WORK ORDER:
Leave out the pictures, and copy exactly the lines from the line with "4 E 31.- Tabla" through the last line of the data below.

COLLECTED DATA:
=======
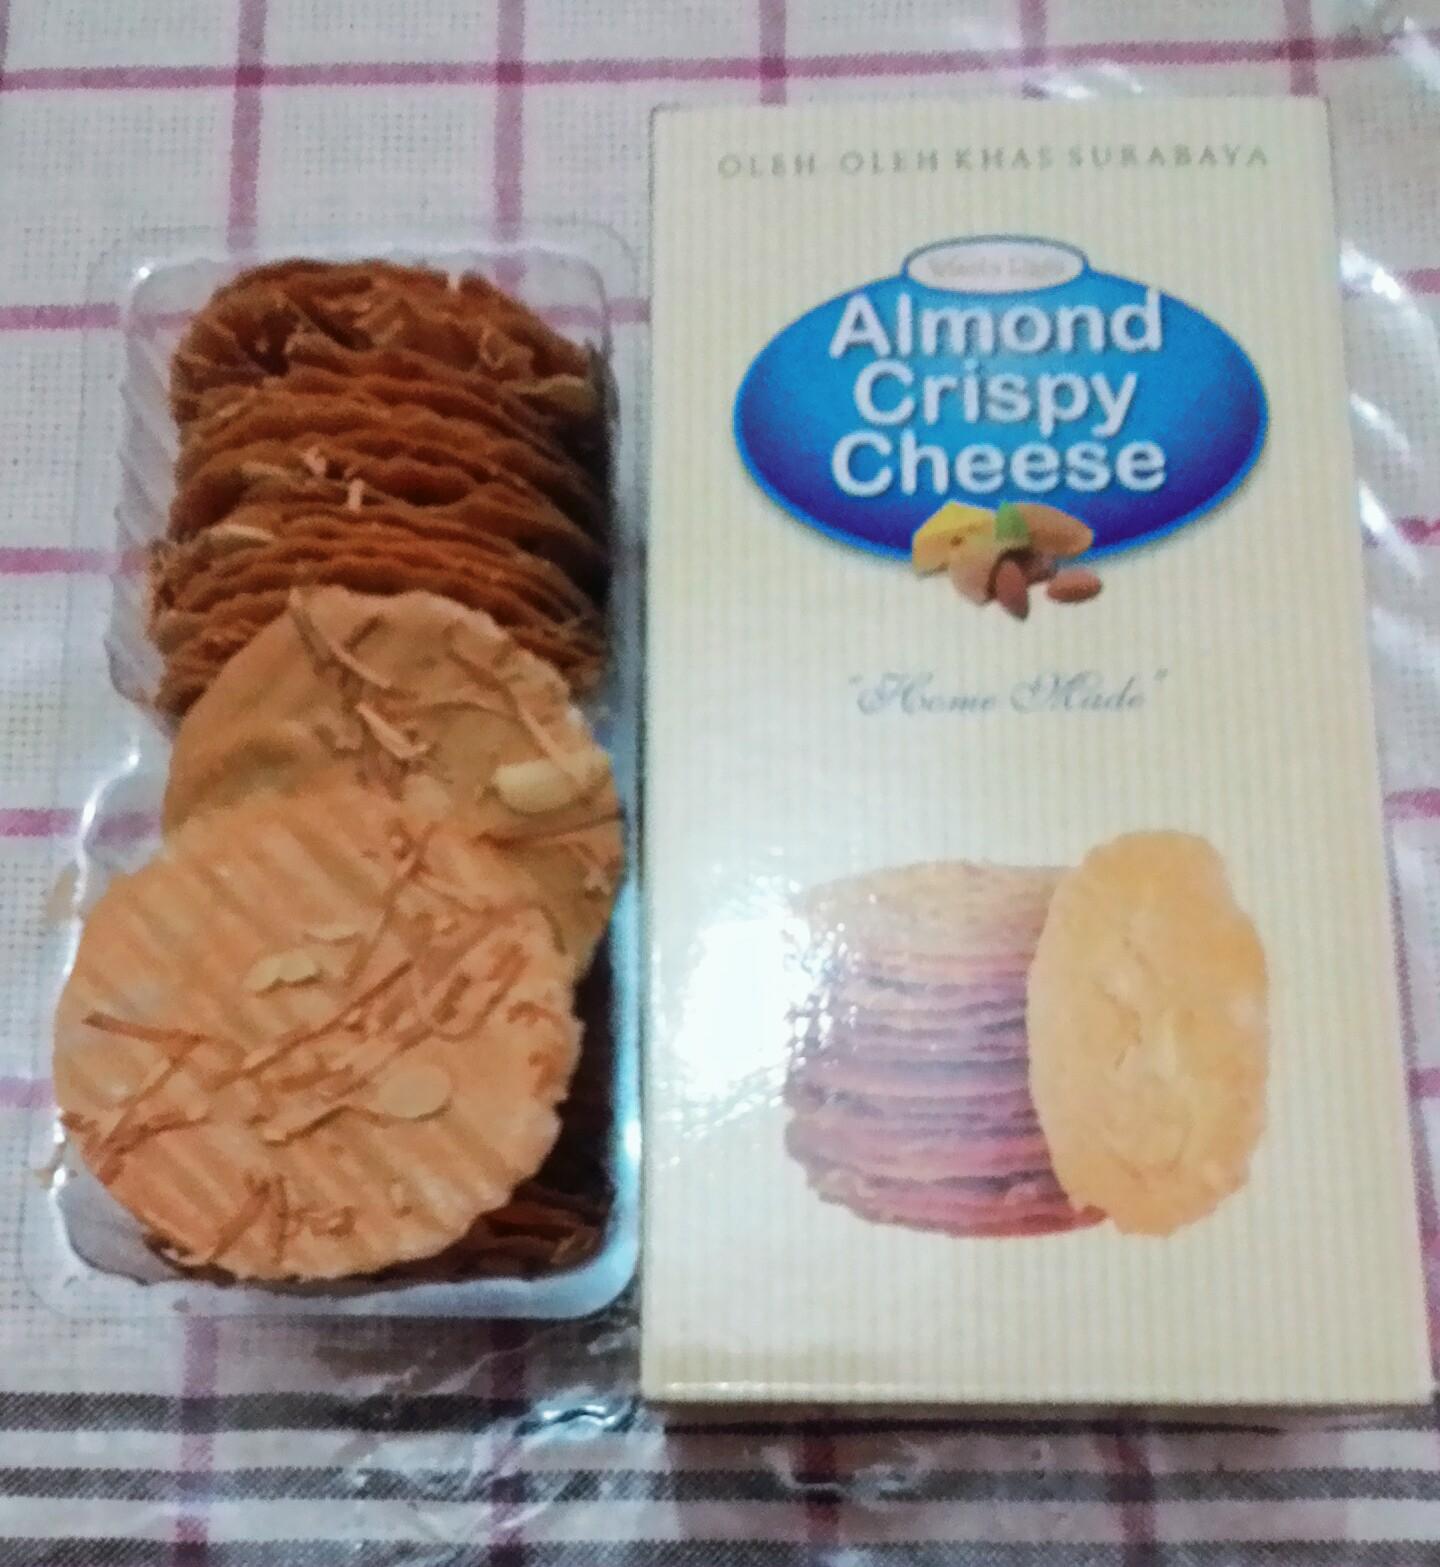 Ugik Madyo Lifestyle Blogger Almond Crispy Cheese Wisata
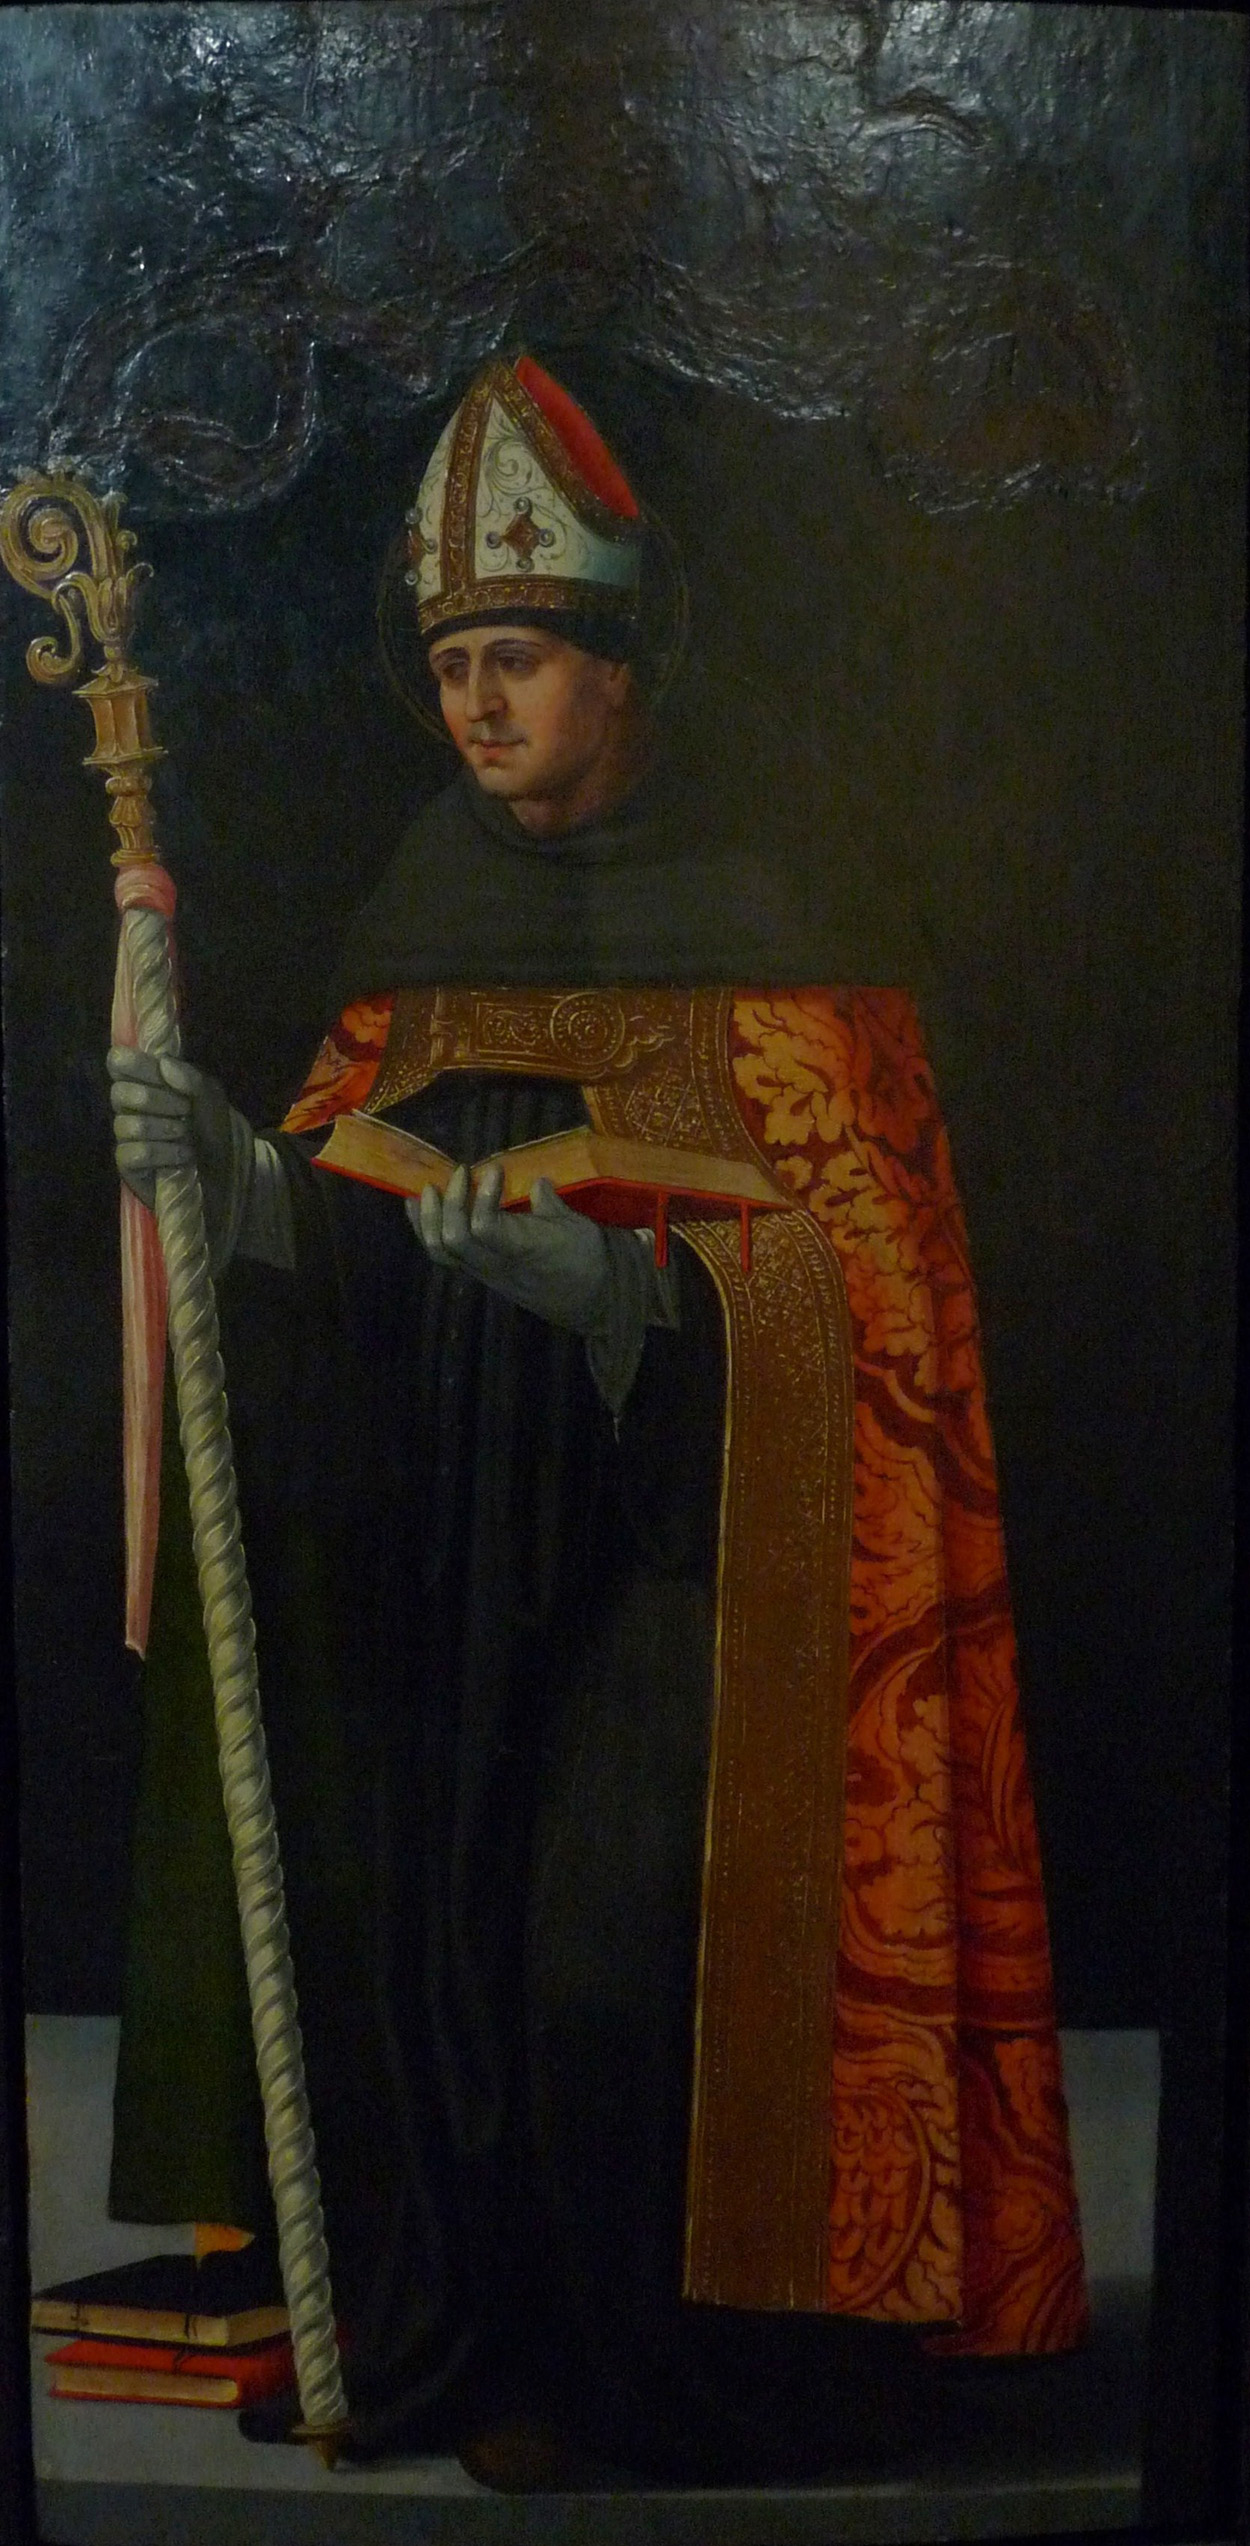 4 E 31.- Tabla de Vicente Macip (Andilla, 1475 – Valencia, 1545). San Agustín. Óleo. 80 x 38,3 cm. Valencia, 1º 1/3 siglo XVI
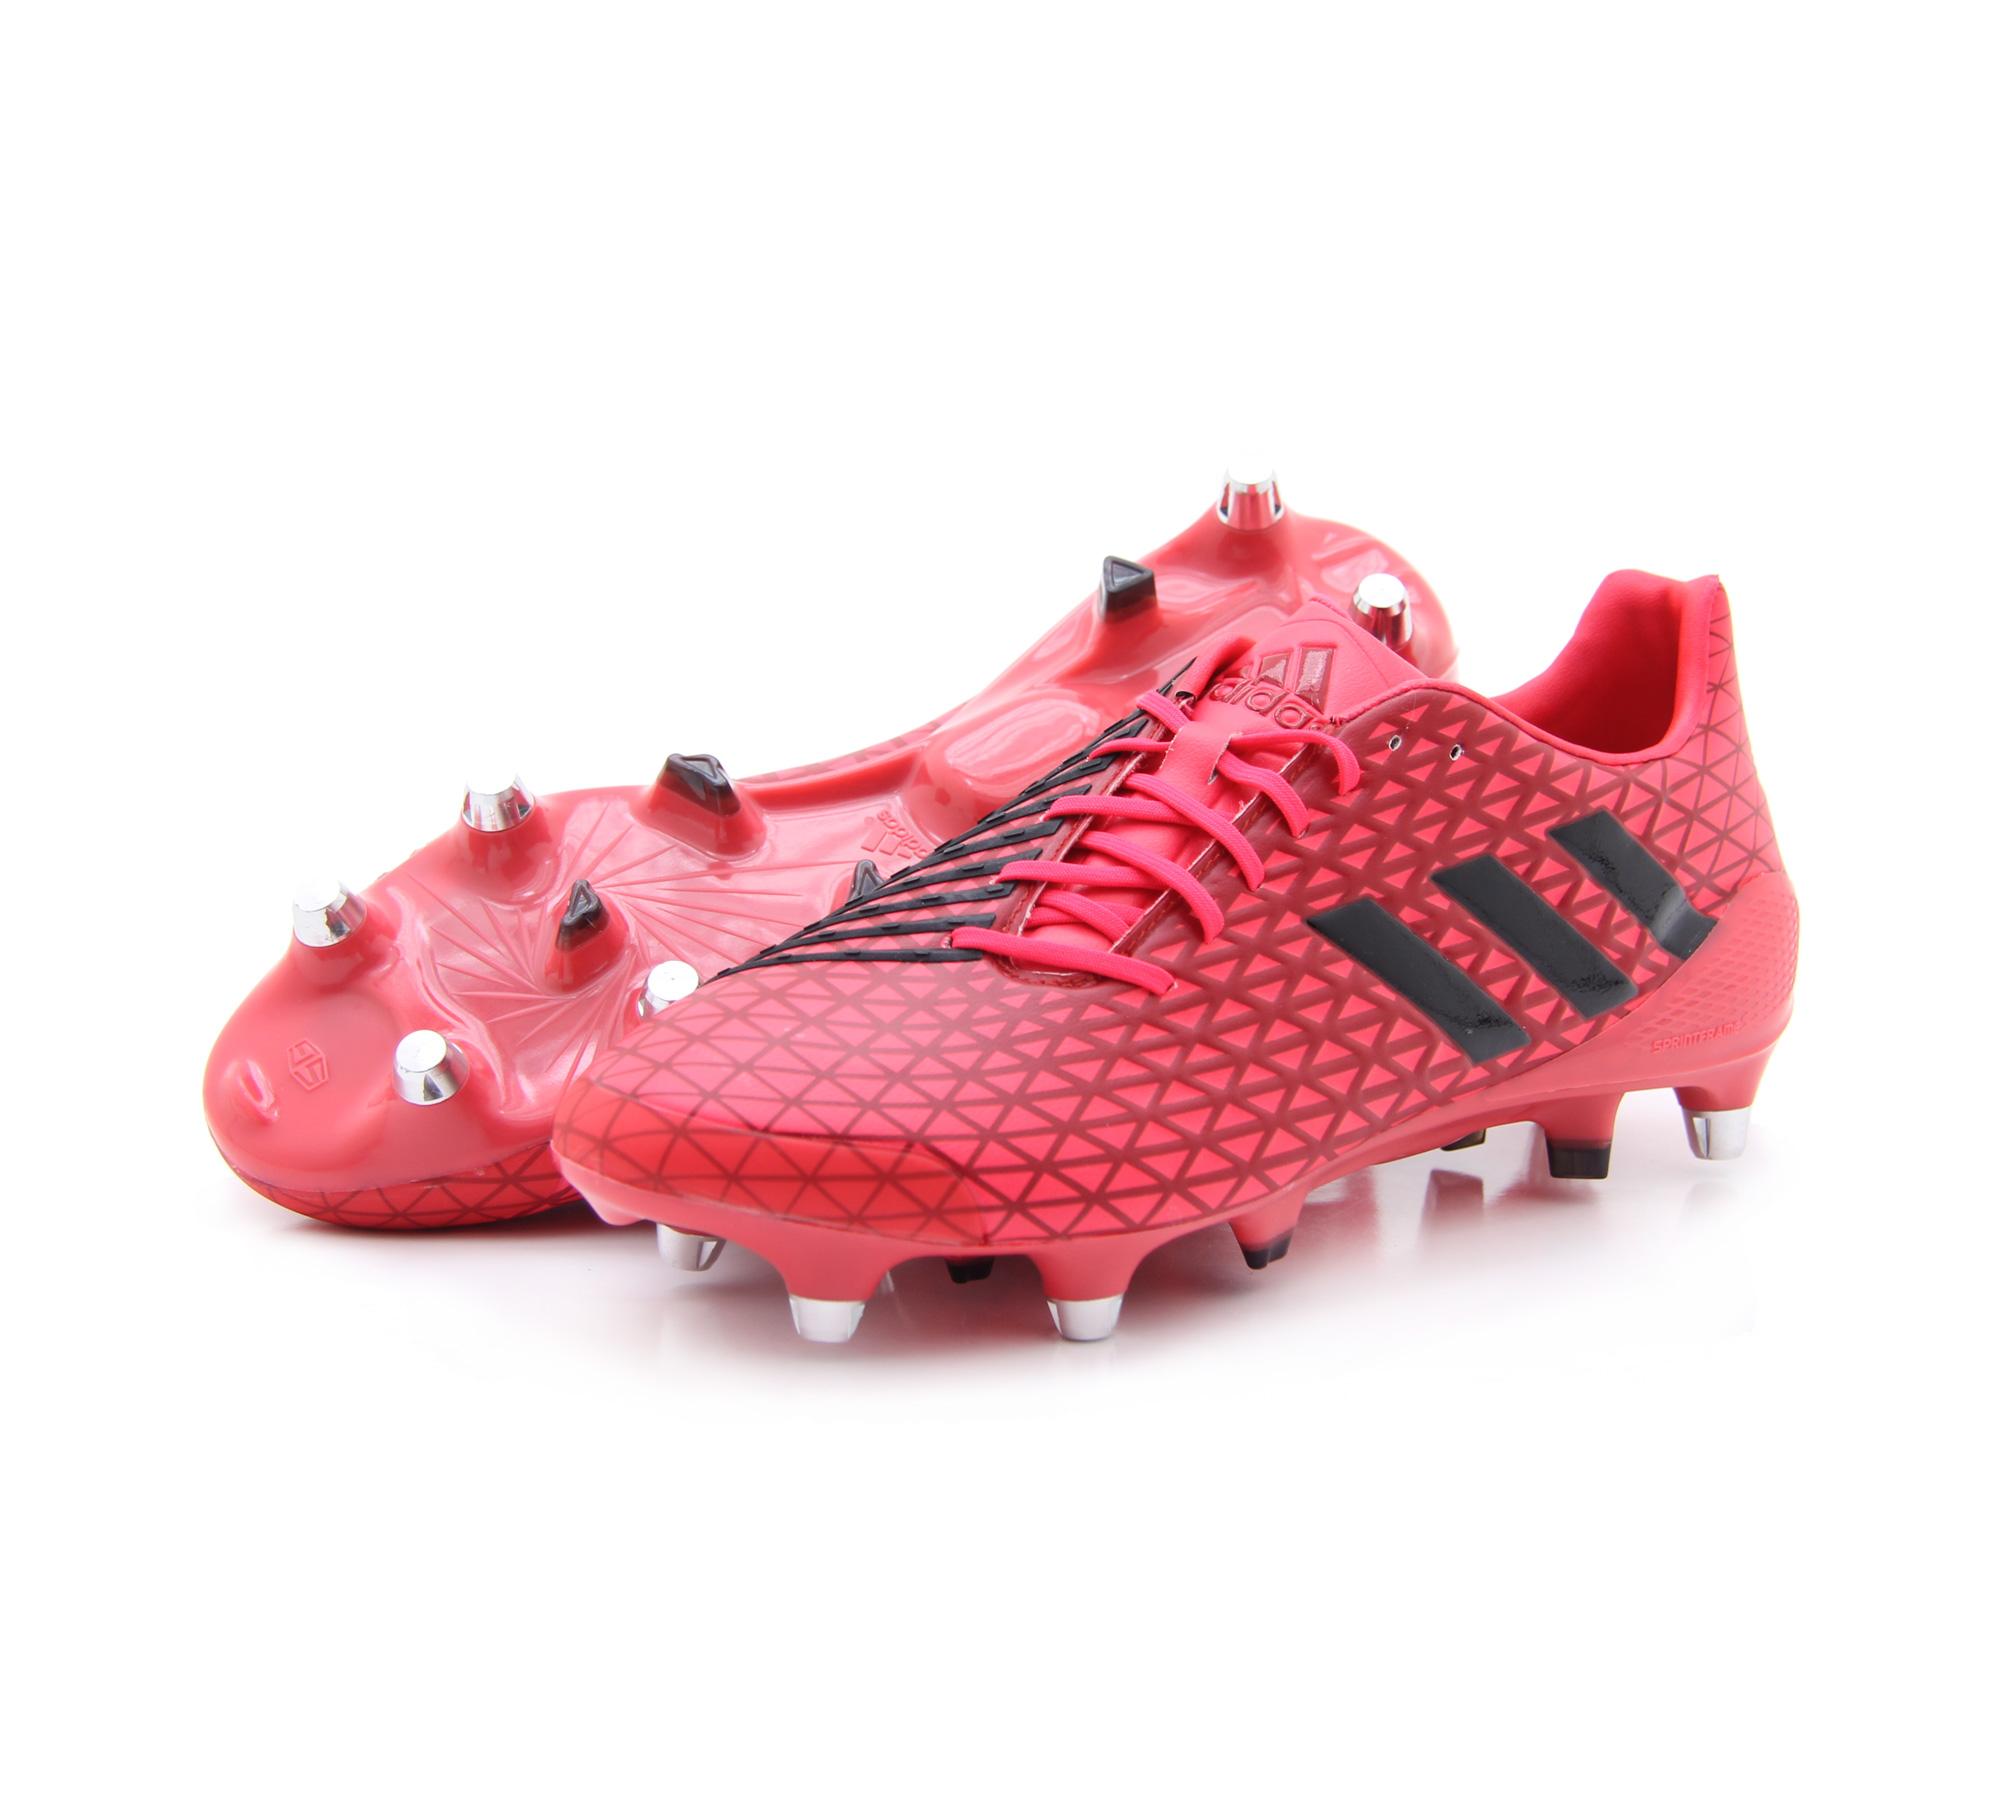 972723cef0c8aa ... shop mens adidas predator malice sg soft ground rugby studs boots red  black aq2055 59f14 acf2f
=======
RESULT BELOW:
 4 E 31.- Tabla de Vicente Macip (Andilla, 1475 – Valencia, 1545). San Agustín. Óleo. 80 x 38,3 cm. Valencia, 1º 1/3 siglo XVI
 972723cef0c8aa ... shop mens adidas predator malice sg soft ground rugby studs boots red  black aq2055 59f14 acf2f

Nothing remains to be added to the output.